FASTA files for each SARS-CoV-2 protein of all sequenced samples were exported from NCBI Virus tool and aligned with the Kalign algorithm [15] using UGENE tools [16] with the gap open penalty set to 54.95, gap extension penalty at 8.52, terminal gap penalty at 4.42, a bonus score of 0.02, and the standard genetic code option. Only missense variants were assessed for the sequenced samples, with all synonymous changes of the viral genomes not analyzed in the current study. Following alignments within the UGENE tool, the consensus of all aligned sequences for each protein was calculated using the default consensus mode set to a threshold of 10%. The consensus sequence was added to each alignment as the top listed sequence, and alignments were transformed into matrix positioning using Mega software (version 5) [17]. Within the matrix, any sequences with uncertain base calls (N to ? annotation in FASTA files) over the protein resulted in that entire protein sequence being removed, yielding a highly curated alignment with uncertain error removed. After sequence removal, a unique list of amino acids at each position was calculated from the matrix, and the percent of sequences with the same amino acid as the consensus was calculated, with one minus that number serving as the drift rate for each amino acid.

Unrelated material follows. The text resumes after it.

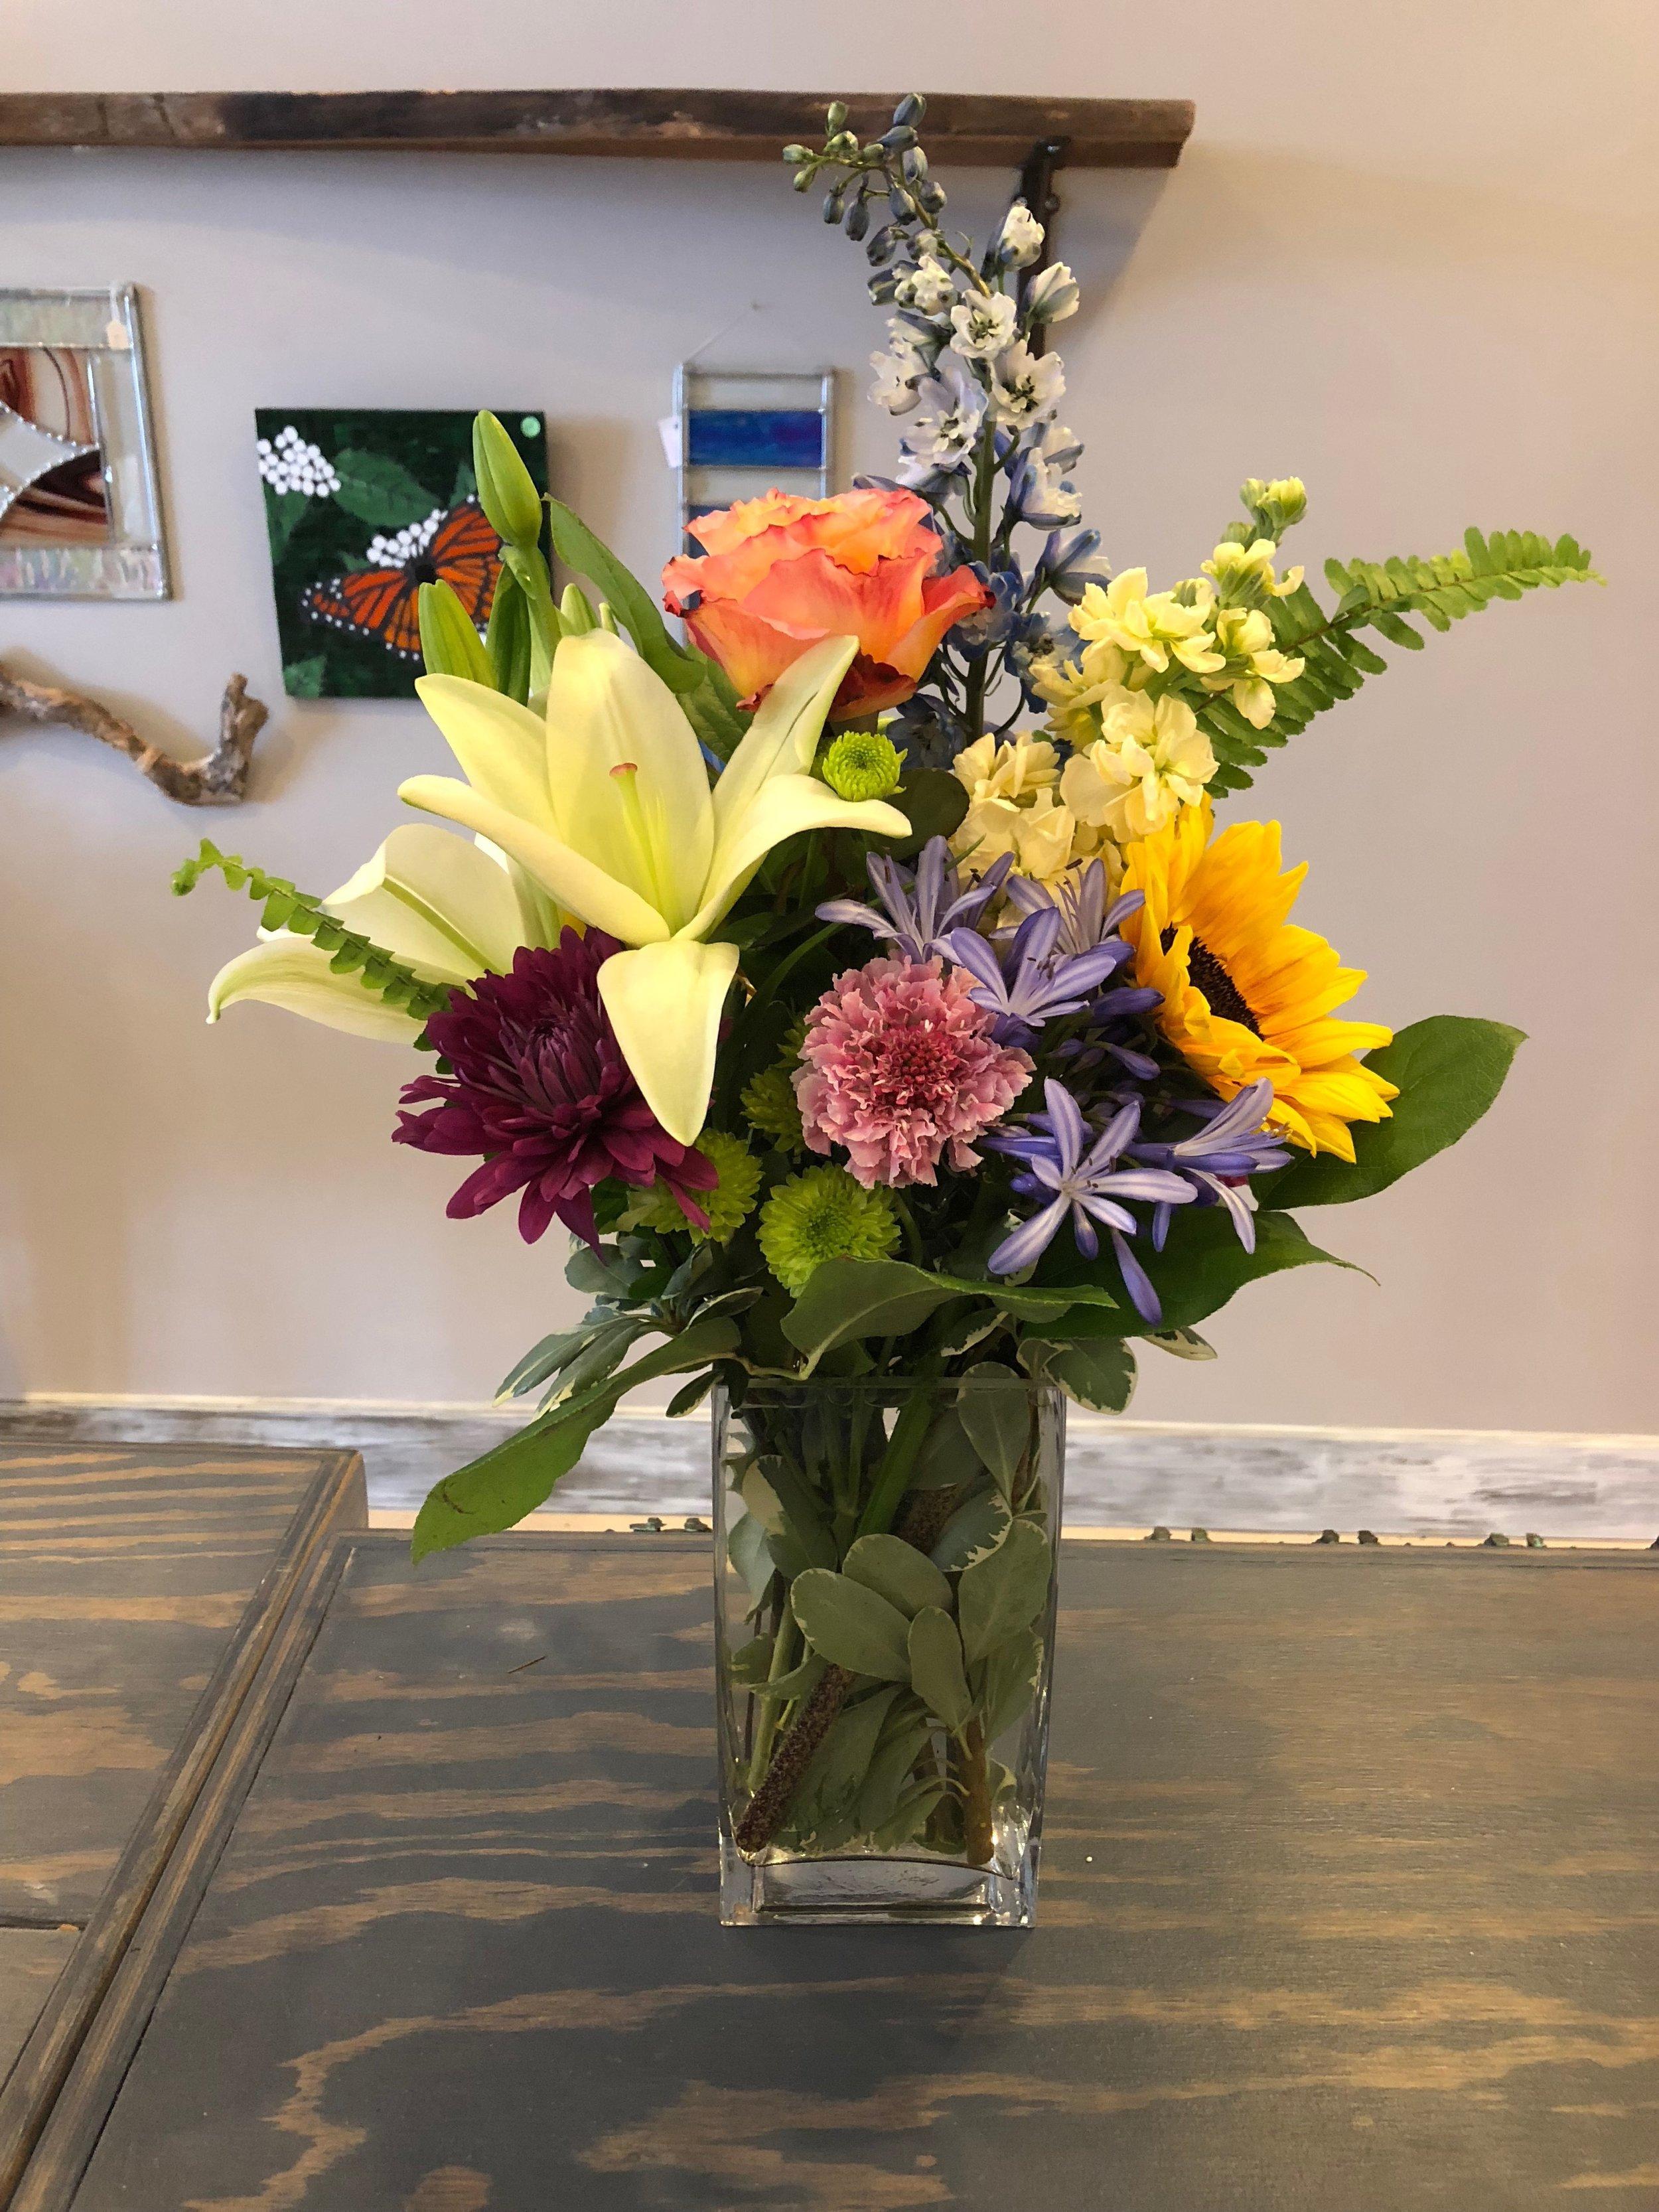 Deluxe - Seasonal mix of florals in an 8 inch vase.$50-75*Pictured arrangement $50
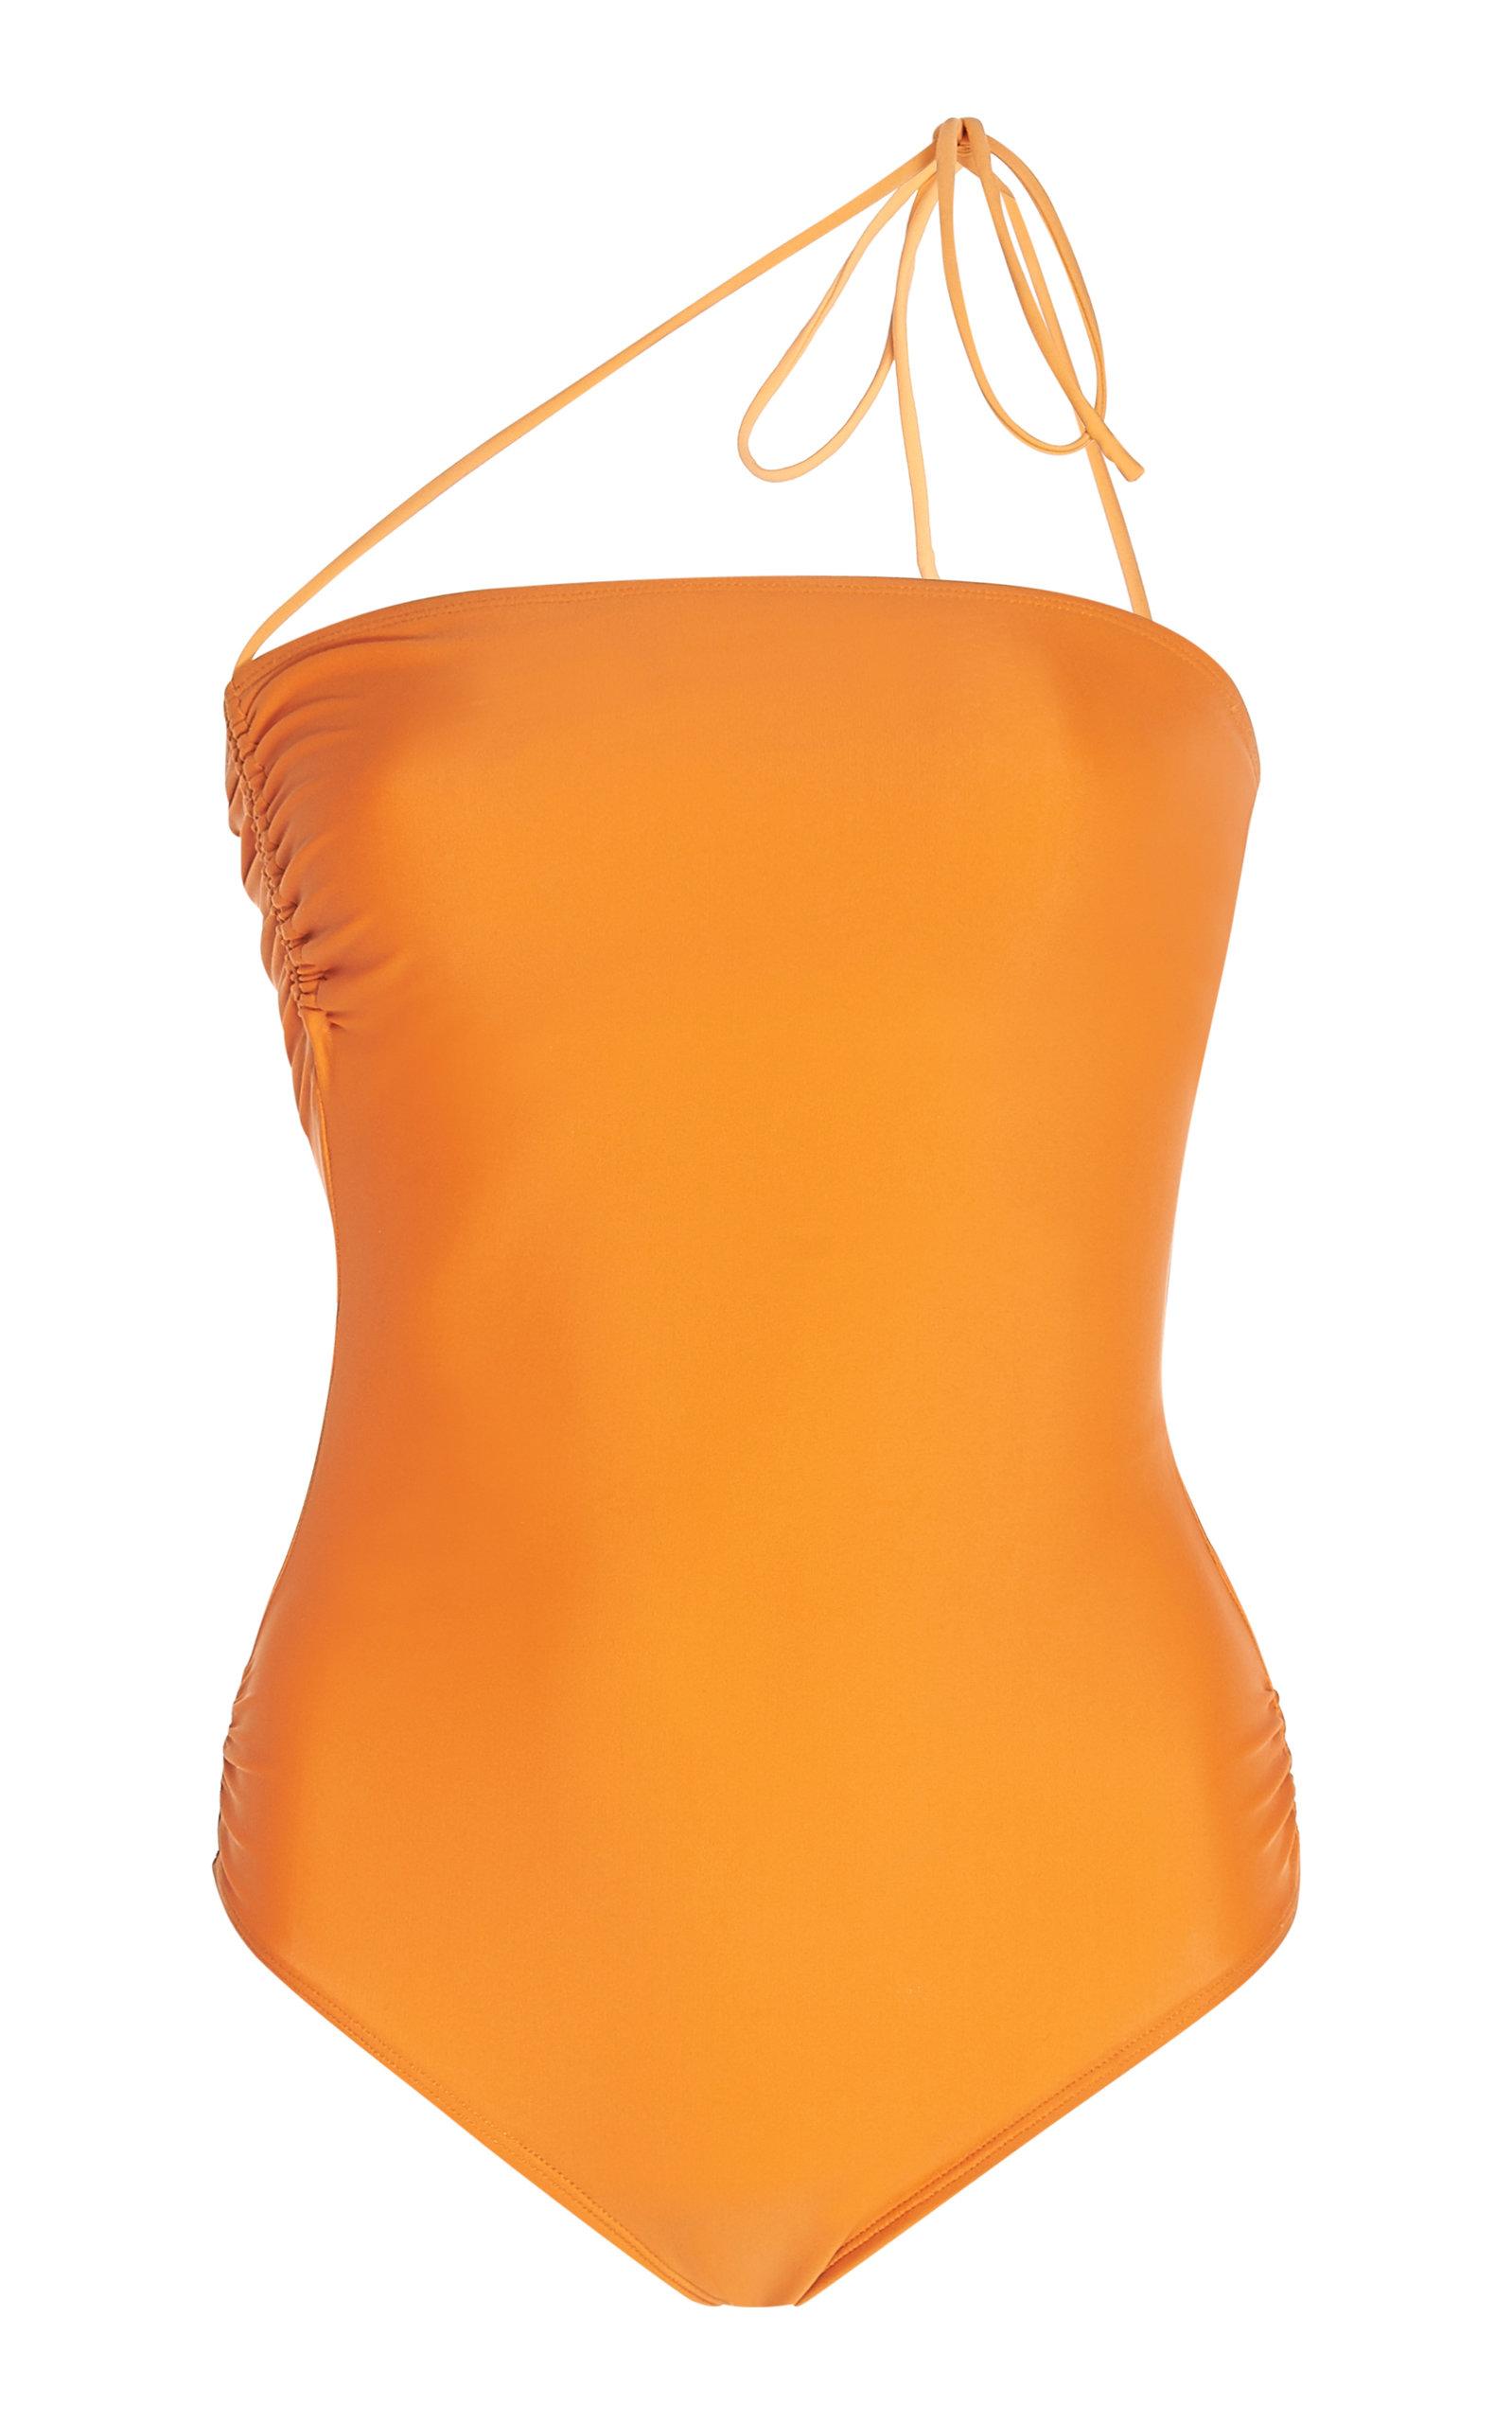 892c4ca0e5d234 New Swimsuit Trends 2019 Cool Bikini, One-Piece Styles

The Protein Data Bank (PDB) [18] was quired on 3/14/2024 for all structures deposited containing the species “SARS-CoV-2”. Results were extracted for the per-molecule species annotations and manually curated for the protein annotations of human and SARS-CoV-2 molecules to fix uncommon annotation use. The Spike-ACE2 integrated structure [13], nsp7-14 complex (PDB file 7egq) [19], nsp3-ISG15 (6xa9) [20], and nsp5-Nirmatrelvir (8b2t) [21] files were used to map variants using YASARA software (version 24) [22]. In short, each molecule of SARS-CoV-2 was homology modeled from the source PDB file using the protein consensus sequence above. Coloring of amino acid drift was done using YASARA python coding. Data for all USA and international genotypes were extracted for SARS-CoV-2 (taxon ID 2697049) using NCBI Virus on 24 July 2024. Each variant identified in structures was annotated to lineages using the NCBI Virus mutation tool.
3. Results
Corewell Health clinical sites are in a mixed community of a city (Grand Rapids) with a regional triage center and additional hospitals that service areas of rural Michigan, USA. The state of Michigan has ranked as one of the top geographical areas for SARS-CoV-2 genomes (Figure 1E, red), with a median density of genomes relative to the population size (Figure 1F, red). Corewell Health is an extensive hospital system that serves over 1.3 million health plan members. Corewell Health sequenced 7518 SARS-CoV-2 genomes from December 2021 through December 2023 that passed quality control with >90% coverage and a median of 500 reads (Figure 2A). These samples were all used to process genome annotations with the NCBI standard SARS-CoV-2 workflow. There were a few delta strains throughout the two years of sample/data collection and sequencing, but most of the sequencing was of various omicron annotations (Figure 2B). The genotyping data were 82% concordant with national data (USA) over the study period based on a per genotype per month annotation of NCBI SRA data relative to Corewell Health samples (Figure 2C). This suggests that our genotyping data represent similar trends to national data for month-over-month sampling and genotype calls, opening the door for variant and protein analyses using our subset of data.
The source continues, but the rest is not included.